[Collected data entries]

+ + +

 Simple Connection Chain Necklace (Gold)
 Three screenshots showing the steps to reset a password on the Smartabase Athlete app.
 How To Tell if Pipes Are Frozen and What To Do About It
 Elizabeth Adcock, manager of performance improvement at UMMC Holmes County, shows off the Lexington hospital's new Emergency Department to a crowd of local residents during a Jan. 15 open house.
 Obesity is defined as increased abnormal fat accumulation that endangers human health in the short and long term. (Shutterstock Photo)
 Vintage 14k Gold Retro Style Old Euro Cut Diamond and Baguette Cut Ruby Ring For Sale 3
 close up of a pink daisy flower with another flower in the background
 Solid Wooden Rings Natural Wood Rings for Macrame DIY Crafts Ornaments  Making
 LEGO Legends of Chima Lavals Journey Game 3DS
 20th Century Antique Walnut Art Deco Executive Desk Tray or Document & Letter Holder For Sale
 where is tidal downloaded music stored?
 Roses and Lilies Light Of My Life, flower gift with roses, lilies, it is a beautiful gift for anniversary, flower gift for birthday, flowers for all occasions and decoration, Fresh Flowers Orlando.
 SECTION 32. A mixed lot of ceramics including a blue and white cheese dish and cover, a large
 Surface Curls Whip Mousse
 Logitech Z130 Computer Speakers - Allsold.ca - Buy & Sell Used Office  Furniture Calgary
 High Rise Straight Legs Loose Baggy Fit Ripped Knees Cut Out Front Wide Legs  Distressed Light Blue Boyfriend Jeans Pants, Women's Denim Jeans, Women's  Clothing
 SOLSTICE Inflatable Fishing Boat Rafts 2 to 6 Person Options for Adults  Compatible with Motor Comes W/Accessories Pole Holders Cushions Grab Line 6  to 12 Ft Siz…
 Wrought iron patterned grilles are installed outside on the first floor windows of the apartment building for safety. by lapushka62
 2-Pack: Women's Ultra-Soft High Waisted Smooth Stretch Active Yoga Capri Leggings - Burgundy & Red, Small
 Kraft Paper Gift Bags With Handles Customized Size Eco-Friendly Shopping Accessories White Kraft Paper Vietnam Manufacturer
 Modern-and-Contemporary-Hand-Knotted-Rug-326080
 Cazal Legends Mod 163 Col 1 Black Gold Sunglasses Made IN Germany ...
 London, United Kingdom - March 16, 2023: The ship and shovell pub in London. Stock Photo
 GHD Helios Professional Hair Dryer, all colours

+ + +

◆ PROBLEM STATEMENT: Among the entries above, locate the lines containing "SECTION 32. A" and "Logitech Z130 Computer", and transcribe exactly those two lines and all lines between.

◆ SOLUTION TO THIS EXERCISE:
 SECTION 32. A mixed lot of ceramics including a blue and white cheese dish and cover, a large
 Surface Curls Whip Mousse
 Logitech Z130 Computer Speakers - Allsold.ca - Buy & Sell Used Office  Furniture Calgary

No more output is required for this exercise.